◆ **Available data**
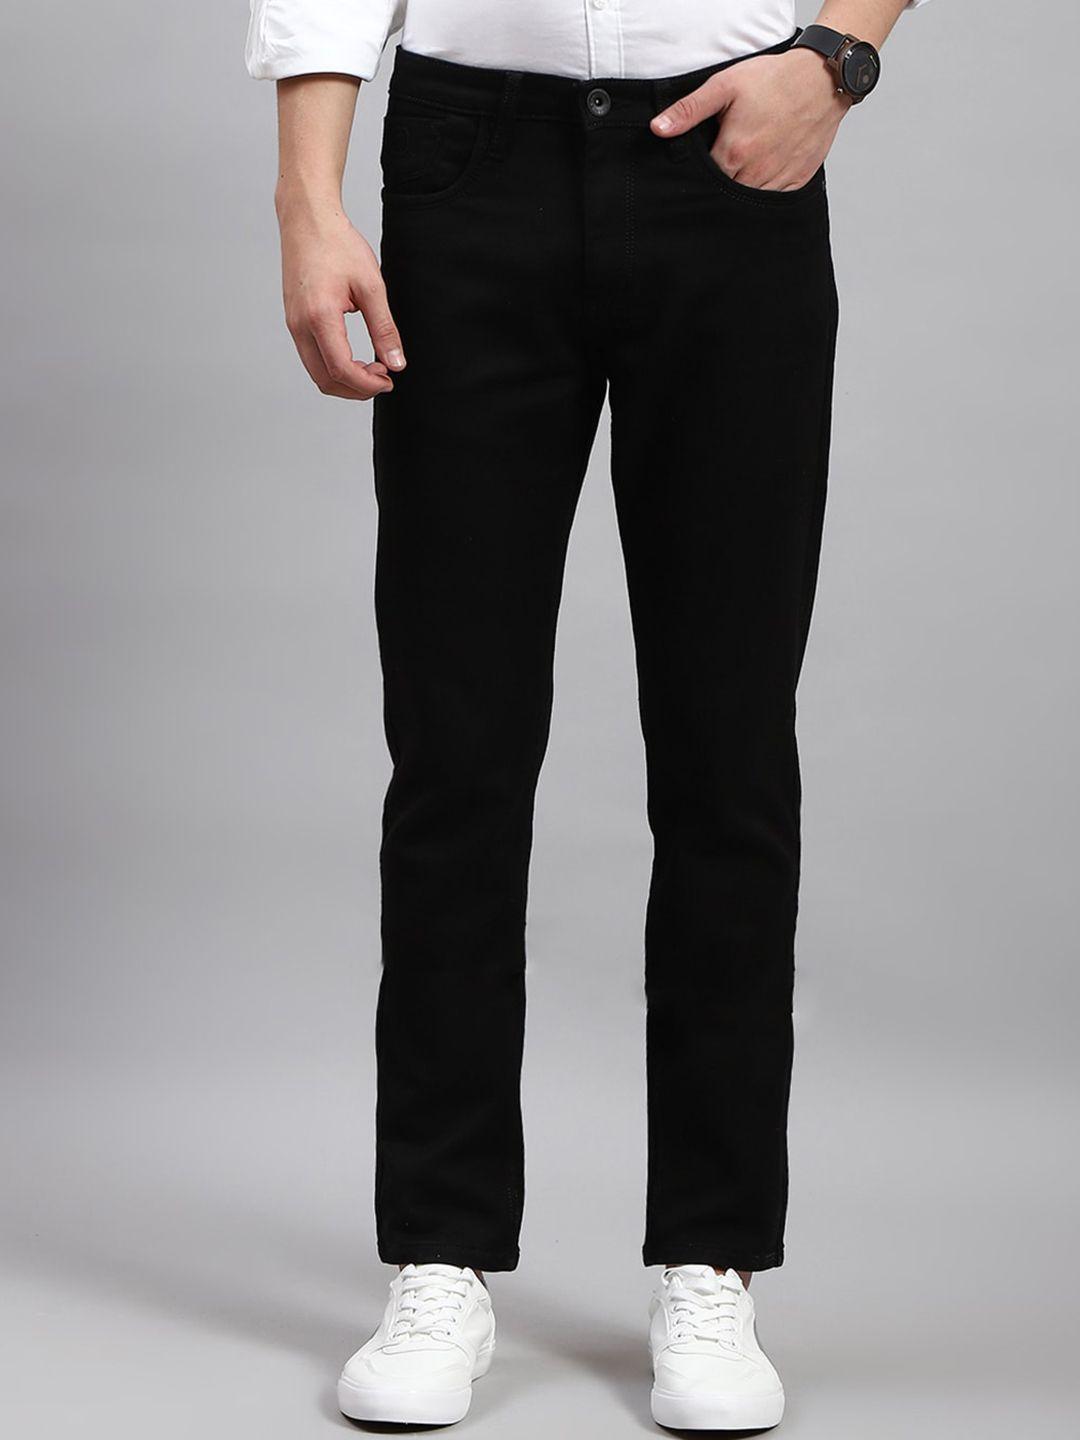 monte-carlo-slim-fit-mid-rise-clean-look-dark-cotton-jeans
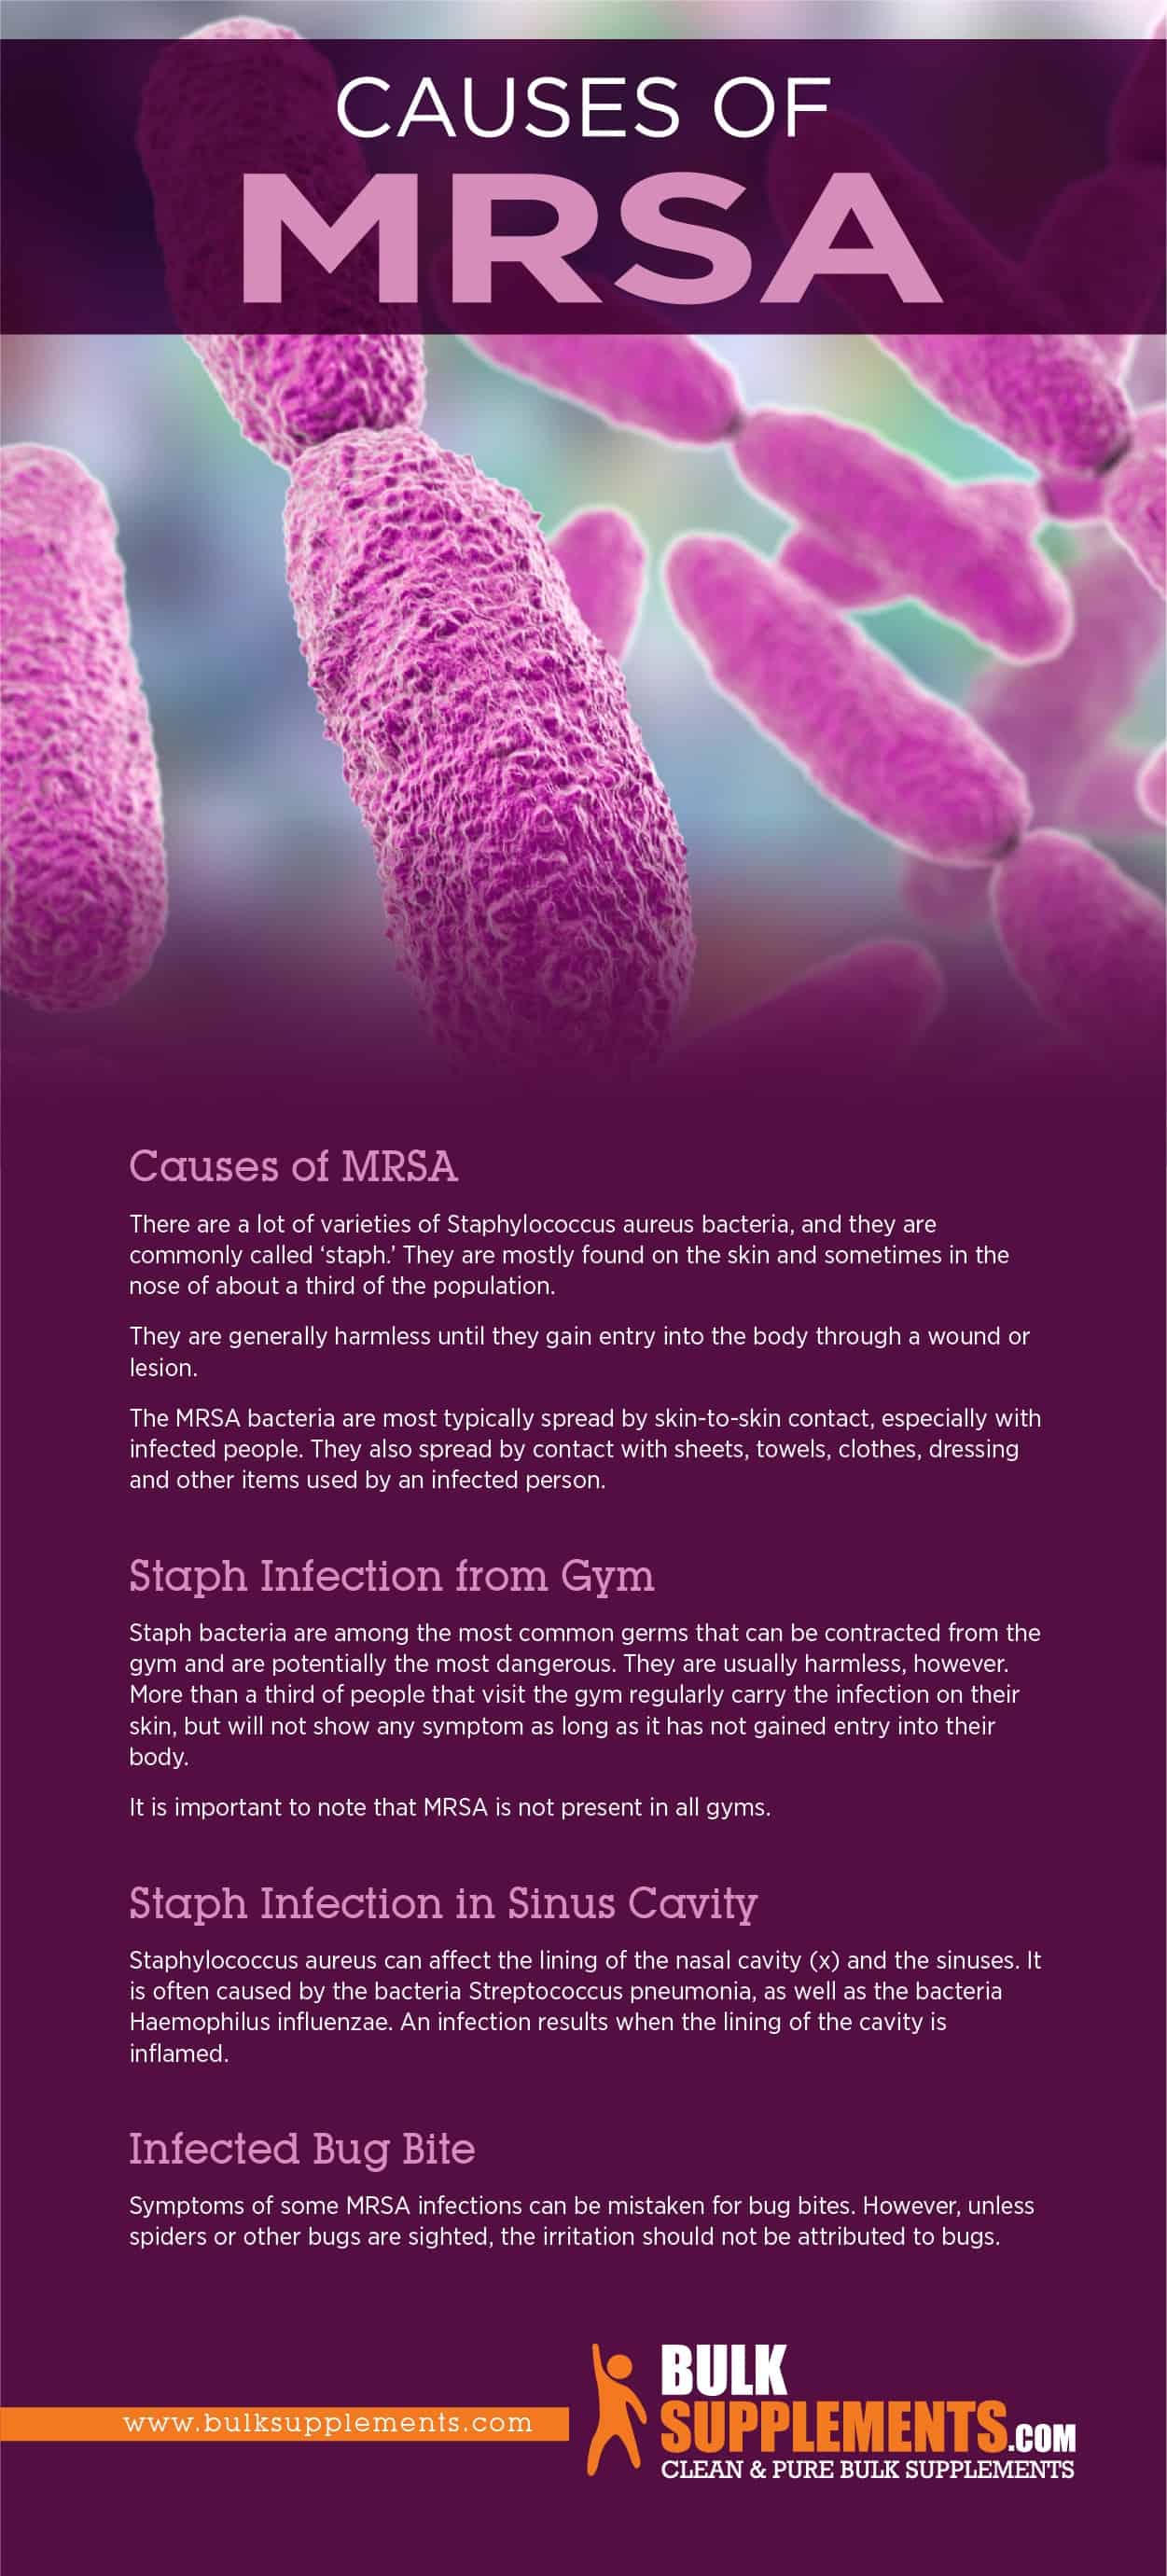 Causes of MRSA
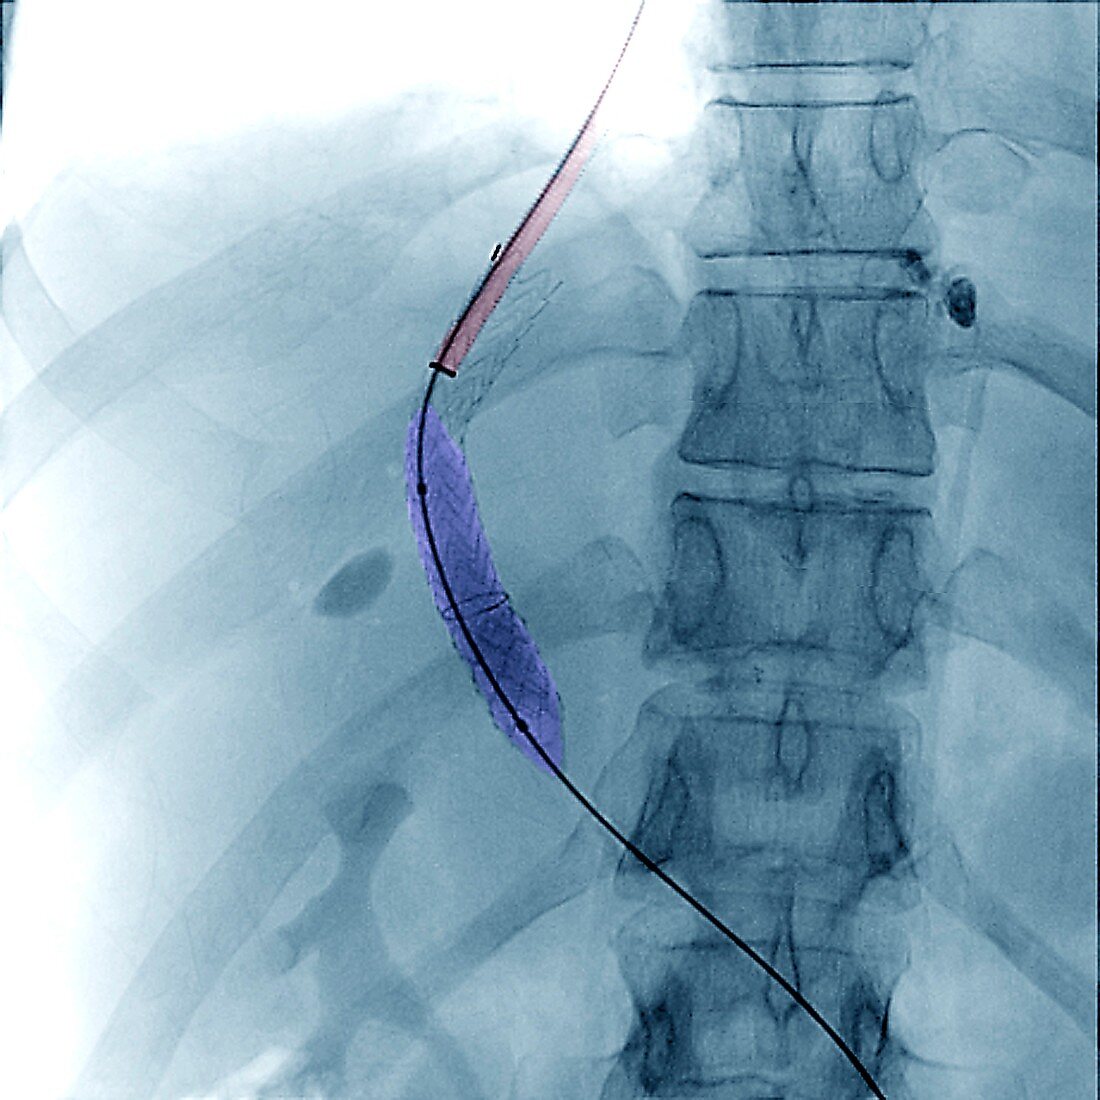 Portal vein surgery, X-ray
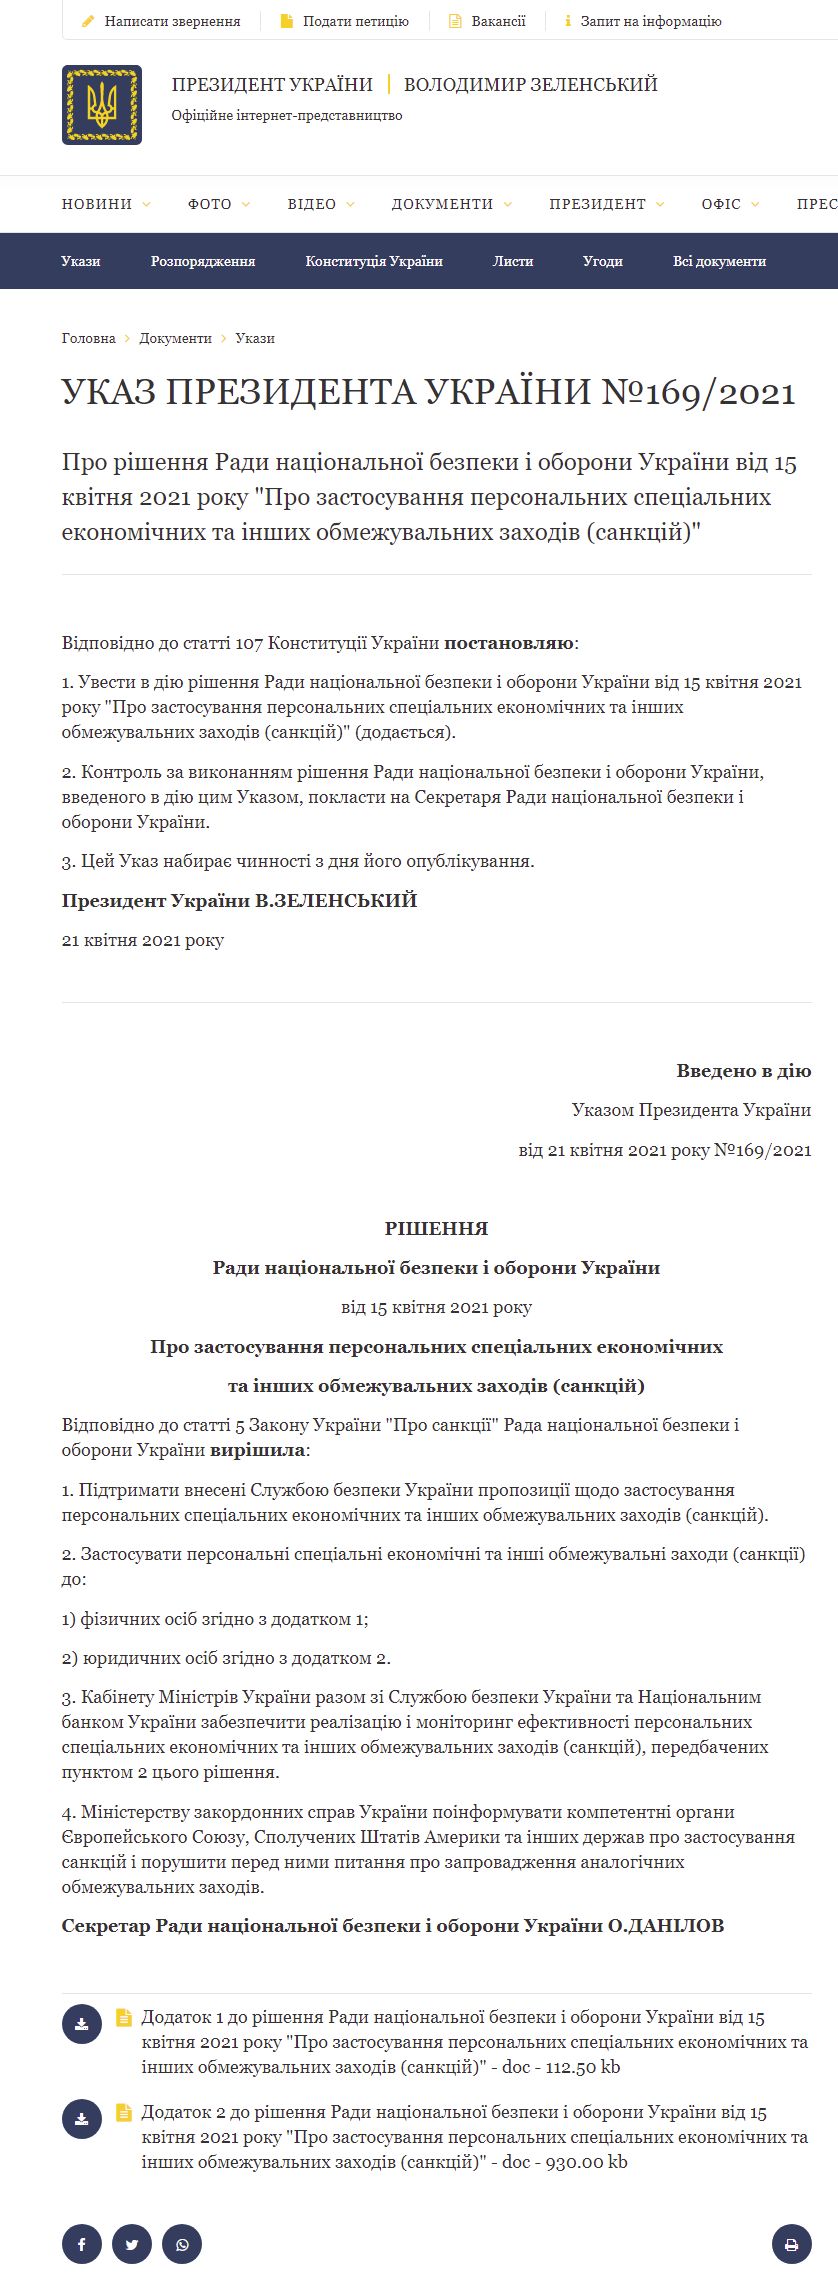 https://www.president.gov.ua/documents/1692021-38729

◆ **Aim of the task**
Keep the pictures out of your copy. Copy only the lines from the line that holds "Causes of MRSA" through the last line of the listing above, both included.

◆ **Answer to this problem**
 Causes of MRSA
 Portal vein surgery, X-ray
 https://www.president.gov.ua/documents/1692021-38729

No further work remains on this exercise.